§ **Records shown**:
────

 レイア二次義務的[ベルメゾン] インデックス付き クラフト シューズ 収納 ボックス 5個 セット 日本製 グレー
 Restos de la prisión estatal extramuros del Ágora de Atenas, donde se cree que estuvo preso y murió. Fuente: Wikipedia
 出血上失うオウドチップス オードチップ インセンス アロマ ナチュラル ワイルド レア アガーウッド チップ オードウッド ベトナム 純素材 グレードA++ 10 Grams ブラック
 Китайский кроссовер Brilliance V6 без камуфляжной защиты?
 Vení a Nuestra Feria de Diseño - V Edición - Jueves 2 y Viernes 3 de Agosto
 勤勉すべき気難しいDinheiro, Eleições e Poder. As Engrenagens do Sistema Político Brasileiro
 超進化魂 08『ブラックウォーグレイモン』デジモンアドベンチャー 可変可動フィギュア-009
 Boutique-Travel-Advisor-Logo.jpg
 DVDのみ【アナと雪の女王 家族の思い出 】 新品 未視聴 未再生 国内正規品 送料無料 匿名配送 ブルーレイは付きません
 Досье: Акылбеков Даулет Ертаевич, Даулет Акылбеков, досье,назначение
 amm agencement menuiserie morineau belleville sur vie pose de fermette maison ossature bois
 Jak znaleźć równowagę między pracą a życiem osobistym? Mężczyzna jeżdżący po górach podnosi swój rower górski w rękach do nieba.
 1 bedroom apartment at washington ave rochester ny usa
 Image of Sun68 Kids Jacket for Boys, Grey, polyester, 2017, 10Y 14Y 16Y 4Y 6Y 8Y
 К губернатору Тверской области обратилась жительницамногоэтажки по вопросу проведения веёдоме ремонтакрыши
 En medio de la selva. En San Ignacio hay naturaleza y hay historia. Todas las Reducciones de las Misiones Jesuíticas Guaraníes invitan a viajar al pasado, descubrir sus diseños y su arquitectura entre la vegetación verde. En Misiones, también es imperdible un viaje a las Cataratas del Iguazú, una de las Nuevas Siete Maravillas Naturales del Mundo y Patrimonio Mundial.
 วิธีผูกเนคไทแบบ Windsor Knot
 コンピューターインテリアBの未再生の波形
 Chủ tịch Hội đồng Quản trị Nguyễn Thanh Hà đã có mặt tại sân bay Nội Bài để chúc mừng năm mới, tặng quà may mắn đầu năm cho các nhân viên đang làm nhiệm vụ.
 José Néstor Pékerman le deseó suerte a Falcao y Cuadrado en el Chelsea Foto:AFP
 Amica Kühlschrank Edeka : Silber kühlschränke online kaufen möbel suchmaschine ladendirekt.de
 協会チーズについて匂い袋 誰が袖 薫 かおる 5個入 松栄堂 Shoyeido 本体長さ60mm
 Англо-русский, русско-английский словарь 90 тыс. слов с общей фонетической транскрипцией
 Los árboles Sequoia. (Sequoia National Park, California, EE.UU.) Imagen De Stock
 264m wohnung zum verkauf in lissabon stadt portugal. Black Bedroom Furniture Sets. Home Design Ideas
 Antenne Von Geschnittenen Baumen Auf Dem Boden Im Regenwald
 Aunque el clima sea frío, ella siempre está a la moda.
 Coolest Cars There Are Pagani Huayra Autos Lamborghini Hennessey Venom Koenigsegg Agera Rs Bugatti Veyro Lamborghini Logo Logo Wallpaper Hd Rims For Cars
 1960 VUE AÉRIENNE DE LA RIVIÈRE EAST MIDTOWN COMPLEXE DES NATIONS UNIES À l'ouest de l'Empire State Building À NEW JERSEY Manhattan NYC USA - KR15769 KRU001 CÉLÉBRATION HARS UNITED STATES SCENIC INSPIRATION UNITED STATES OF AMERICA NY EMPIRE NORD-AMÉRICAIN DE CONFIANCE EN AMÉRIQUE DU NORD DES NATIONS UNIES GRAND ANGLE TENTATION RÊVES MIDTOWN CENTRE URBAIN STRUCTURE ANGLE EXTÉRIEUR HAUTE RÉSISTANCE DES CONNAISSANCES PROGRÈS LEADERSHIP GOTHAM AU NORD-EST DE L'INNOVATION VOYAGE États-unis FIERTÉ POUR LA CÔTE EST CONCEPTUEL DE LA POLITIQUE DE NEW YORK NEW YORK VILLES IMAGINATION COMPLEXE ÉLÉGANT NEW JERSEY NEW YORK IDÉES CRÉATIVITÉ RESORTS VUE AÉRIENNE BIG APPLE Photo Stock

────

§ **Required action**: Pick out each line in the material containing "Logo".

§ **Result of the exercise**:
 Boutique-Travel-Advisor-Logo.jpg
 Coolest Cars There Are Pagani Huayra Autos Lamborghini Hennessey Venom Koenigsegg Agera Rs Bugatti Veyro Lamborghini Logo Logo Wallpaper Hd Rims For Cars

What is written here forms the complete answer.